**Task instructions:**
For this exercise, restate every line below word for word and drop the images.

**Supplied data:**
[Start of section]

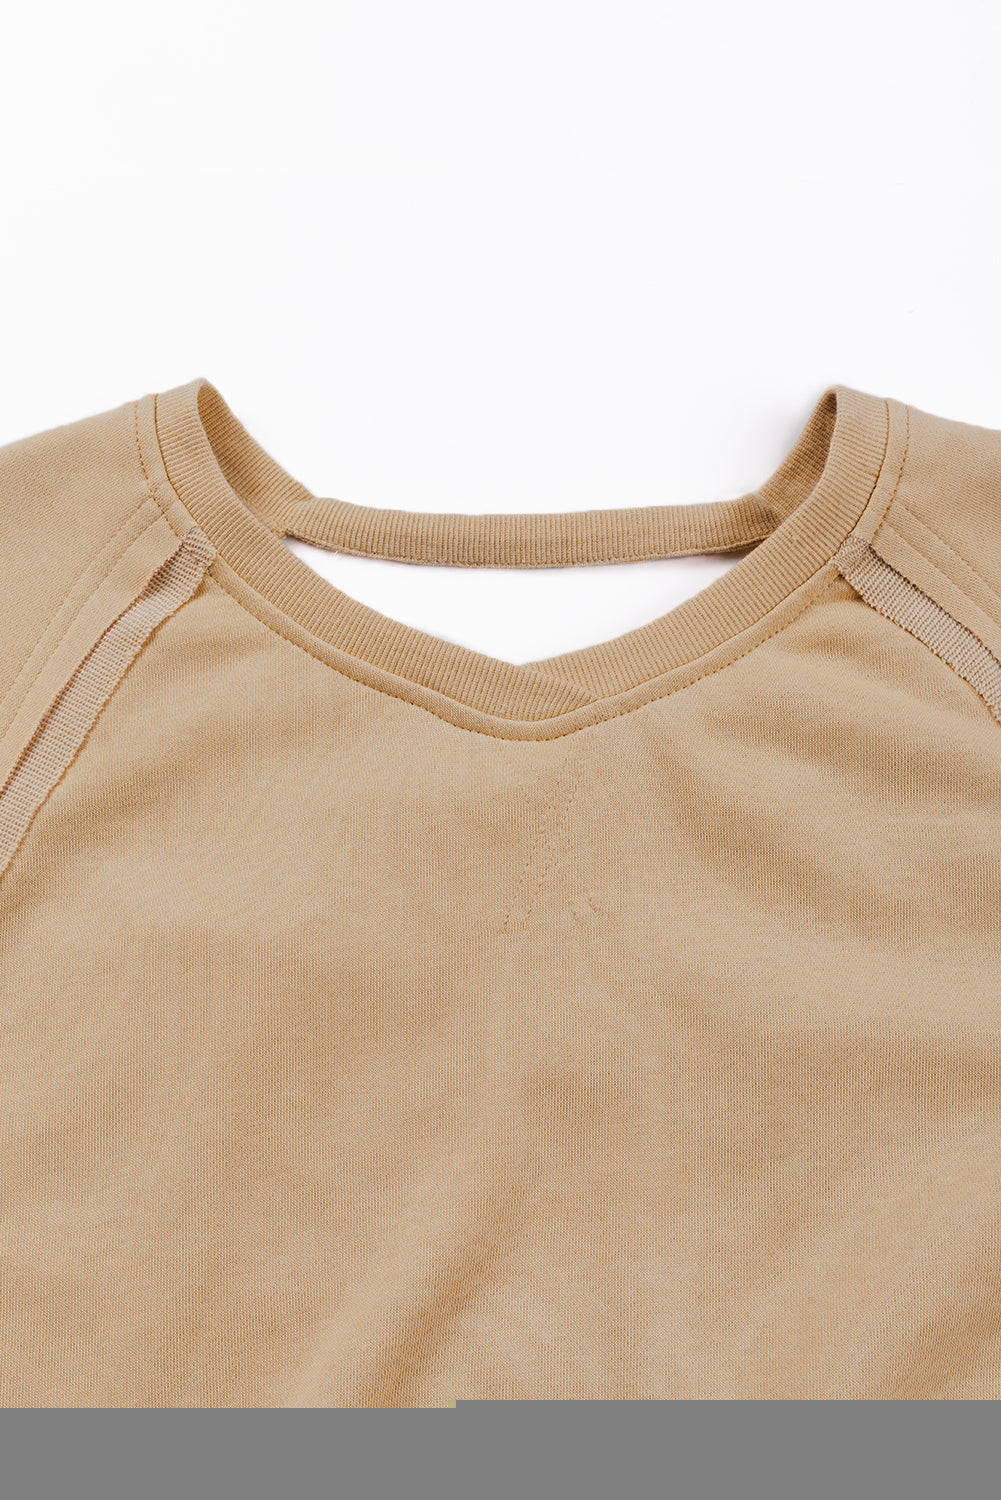 Sweat-shirt en treillis de couleur unie beige français clair, dos ajouré
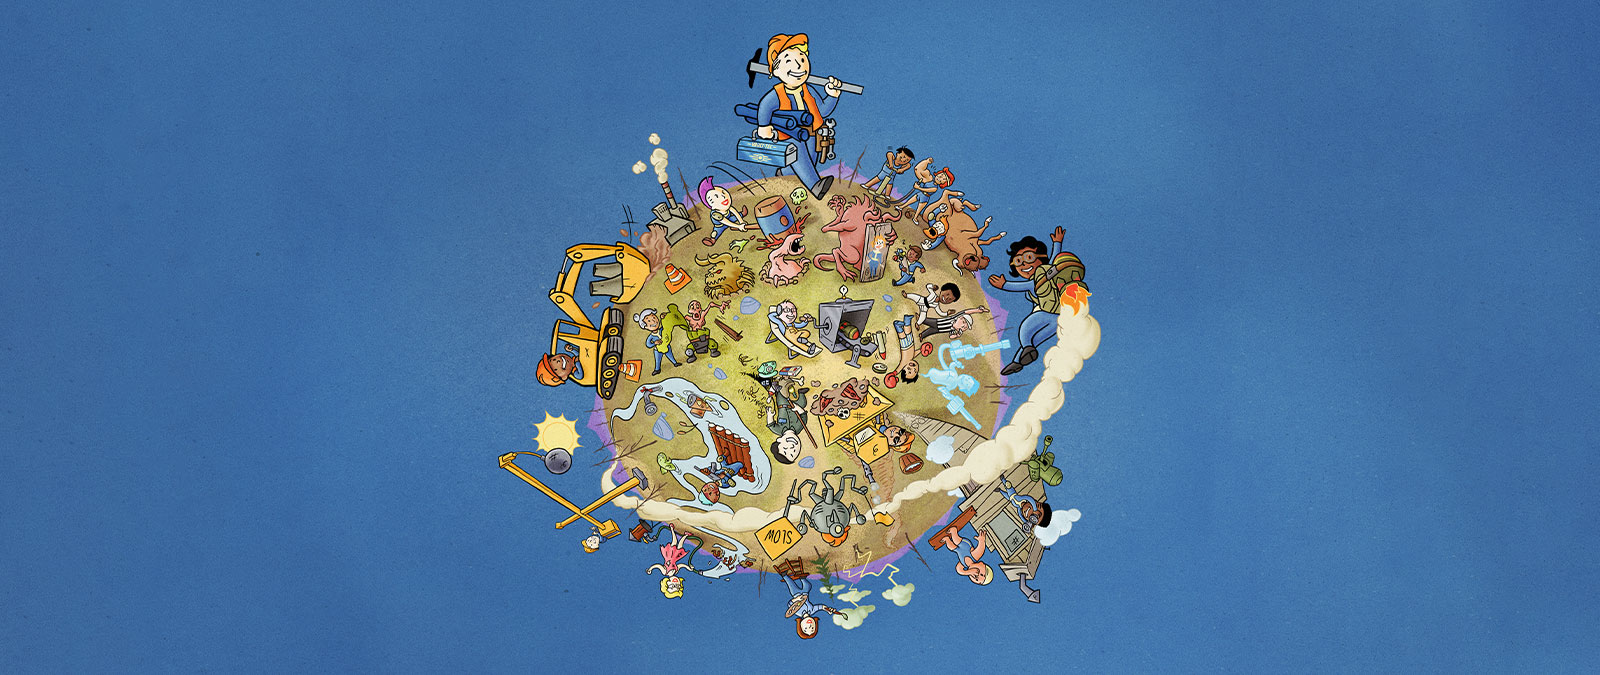 Fallout 76-Figuren auf einem Globus bei verschiedenen Aktivitäten
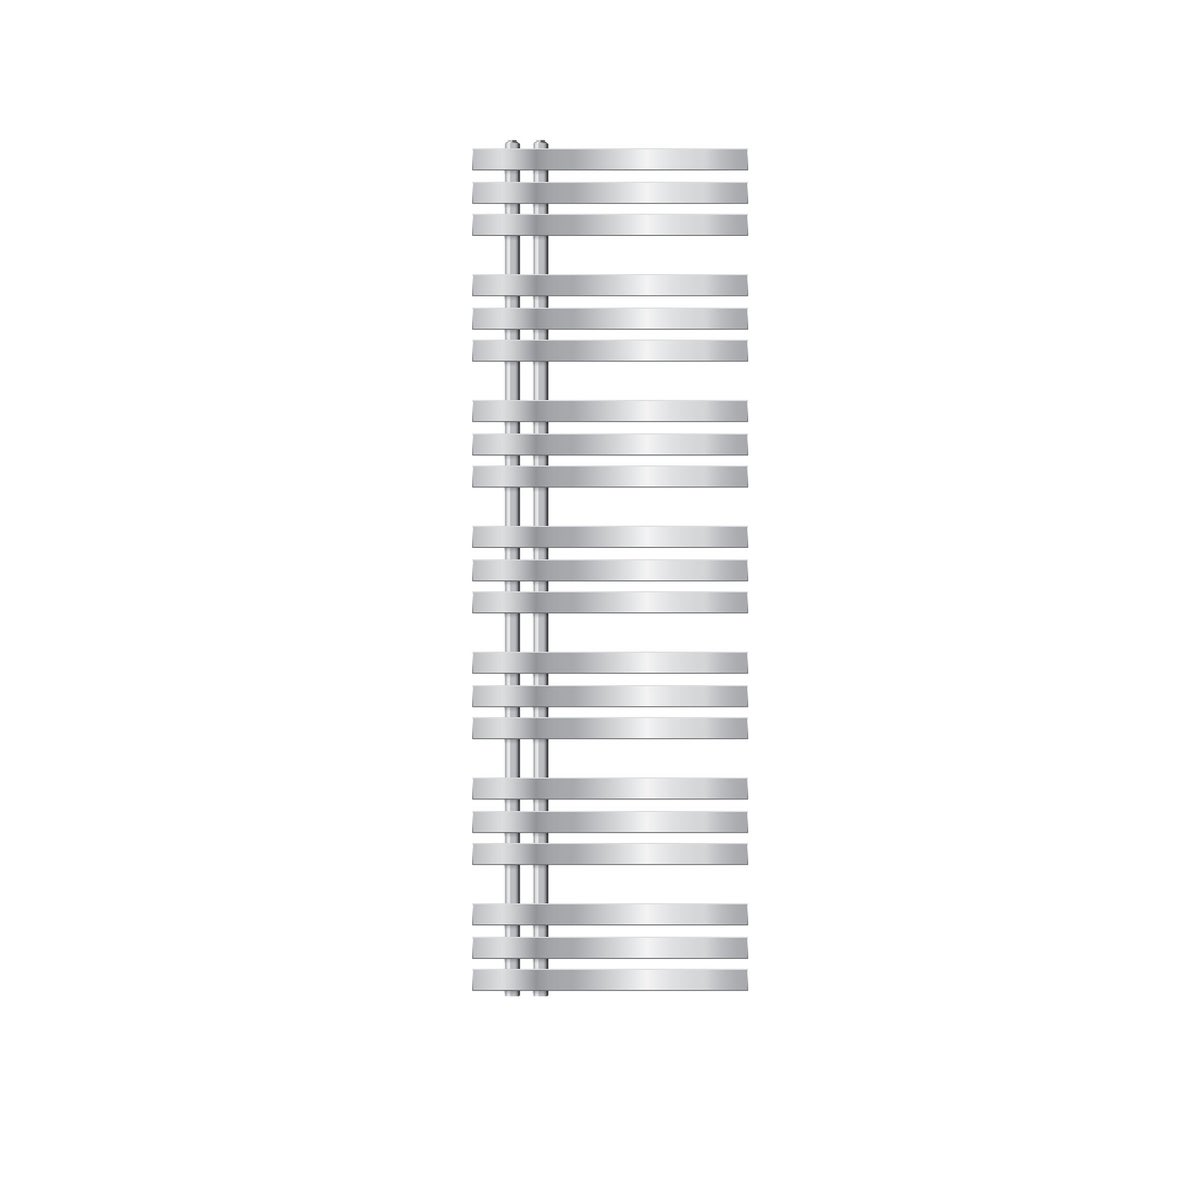 LuxeBath Design Badheizkörper Iron EM 500 x 1600 mm, Chrom, Designheizkörper Paneelheizkörper Flachheizkörper Heizkörper Handtuchwärmer Handtuchtrockner Bad/Wohnraum Heizung, inkl. Montage-Set

[End of section]

**Result:**
 Sweat-shirt en treillis de couleur unie beige français clair, dos ajouré
 Fallout 76-Figuren auf einem Globus bei verschiedenen Aktivitäten
 LuxeBath Design Badheizkörper Iron EM 500 x 1600 mm, Chrom, Designheizkörper Paneelheizkörper Flachheizkörper Heizkörper Handtuchwärmer Handtuchtrockner Bad/Wohnraum Heizung, inkl. Montage-Set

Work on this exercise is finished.